Welcome to Hope for Grieving Mothers

If you are new to this club (that no one asked to join- the one where your child has died), it is best to start by going to the BOTTOM RIGHT and look at the "Pages" section. Under this section you will find resources for mothers who are grieving the loss of their child. Resources to help your children deal with grief are also grouped together.

Next, feel free to look at the "Blog Archives." There are many topics that you may have an interest in reading. As you girlies know, we now have Teflon brains and often cannot have the focus power that we have had in the past. Feel free to come here often and hopefully you will FEEL the loving support that me and other mamas are sending. Hopefully you will begin to see sparks of hope for your future...

Hugs... Pamela

Preparing for your Child's Funeral - The Day of...

The day of the funeral:

Segment your day
Don't think too far ahead.  Segment your day and BE IN THE PRESENT.  Think only about the tasks that are in FRONT of you. If you feel that panic sensation occurring, BREATHE.  Stop and breathe.
-First you need to focus on being "present" when you see your child. (See my note about dividing and conquering. 
-Then you need to focus ONLY on the people in the visitation.  I could not go look at my son during this period because I needed the strength to get through visitation.
-Then you need to focus on the funeral.  Focus on what the minister and people are saying as if you have a test to take afterwards.  Take mental notes.  Try hard to be in the present.  FOCUS
-Then you must to to the burial. 

Make certain that your physical needs are being met.
-You will need a chair to occasionally sit in.
-You will need LOTS of water continuously.
-Put hand sanitizer on the table when people sign in.
-You should think about having a mediator - this may sound silly, but
someone to stand behind you and hand you water and recognize when you
look tired. Then THEY can tell people "they are going to sit for a
few minutes now" Don't feel guilty because it will be EXHAUSTING!

When there are children involved, your living children need to know options
of what they can do.
-They can stand by you in the line and greet people or they can wander around.
-They have never had this "role" to play before and may be puzzled as
to what they are supposed to do.
-Maybe bring some activities to keep them busy during the visitation.
It will be a long time for them.
- Prepare them for this event that they will remember their ENTIRE life.  Read the resource "Preparing your children."
 
Eat a few hours before you go.
-It will be a long time before you eat and make certain that you eat
some things with protein so you don't have low blood sugar.
-Peanut butter or almonds are excellent.
- Yes, dear.  Your tummy hurts and you do not feel like eating.  Have someone pick up Gaviscon for you to take but you MUST eat.  Focus on protein

People may put things in the casket.
 You may be surprised that people will place things in the casket.
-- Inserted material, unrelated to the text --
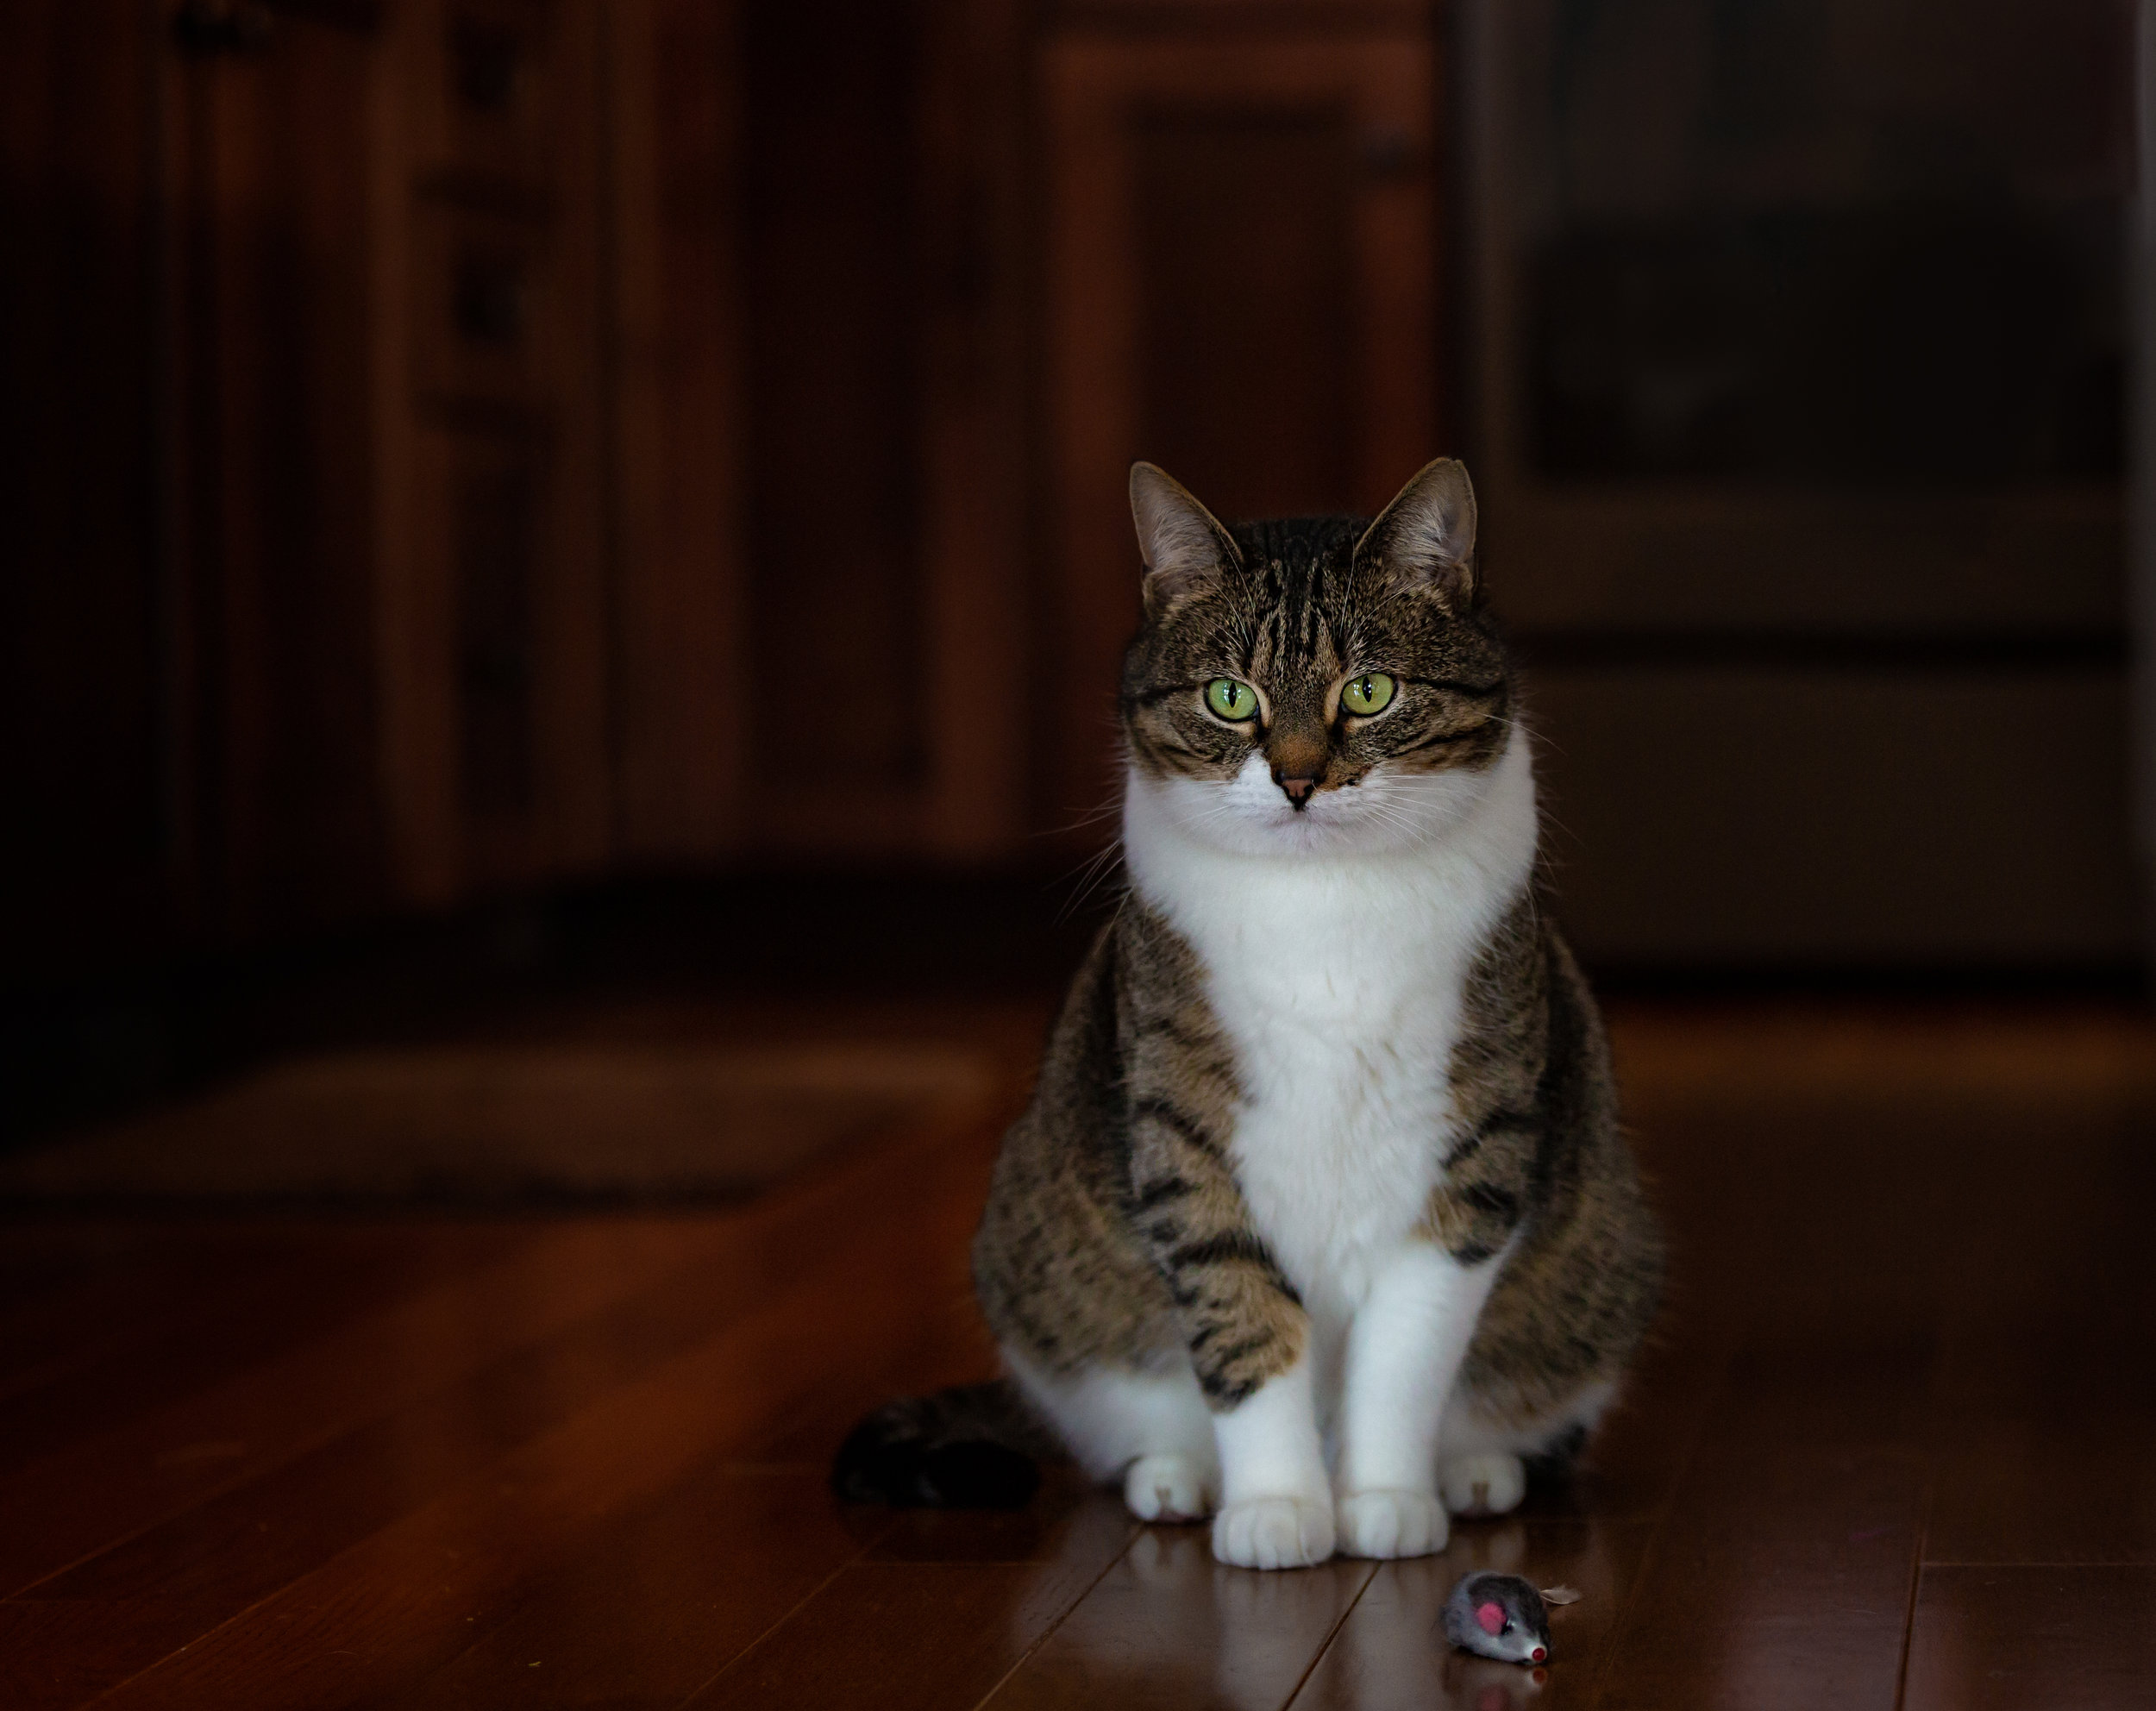 Northern Connecticut cat photographer

Just know that you can take anything out that you want to take out before they close it.

Focus on the EYES of the people coming to see you.
When people come visit you, look them in the eyes and soak up the LOVE
that they are sending you. They will say ALL of the wrong things but
understand that it's the intent you need to focus on. The intent to
give you comfort. Allow this comfort to soak in and give you fuel for
the future.







Plan Your Exit
Have a designated person take you and your family to a quiet room at the end of the viewing. You will be very tired and then EVERYONE will want to linger and stay there until the end. The room will begin to clear quicker if you and your family aren't there. After the the room starts to clear, you can once again PRIVATELY go see your child.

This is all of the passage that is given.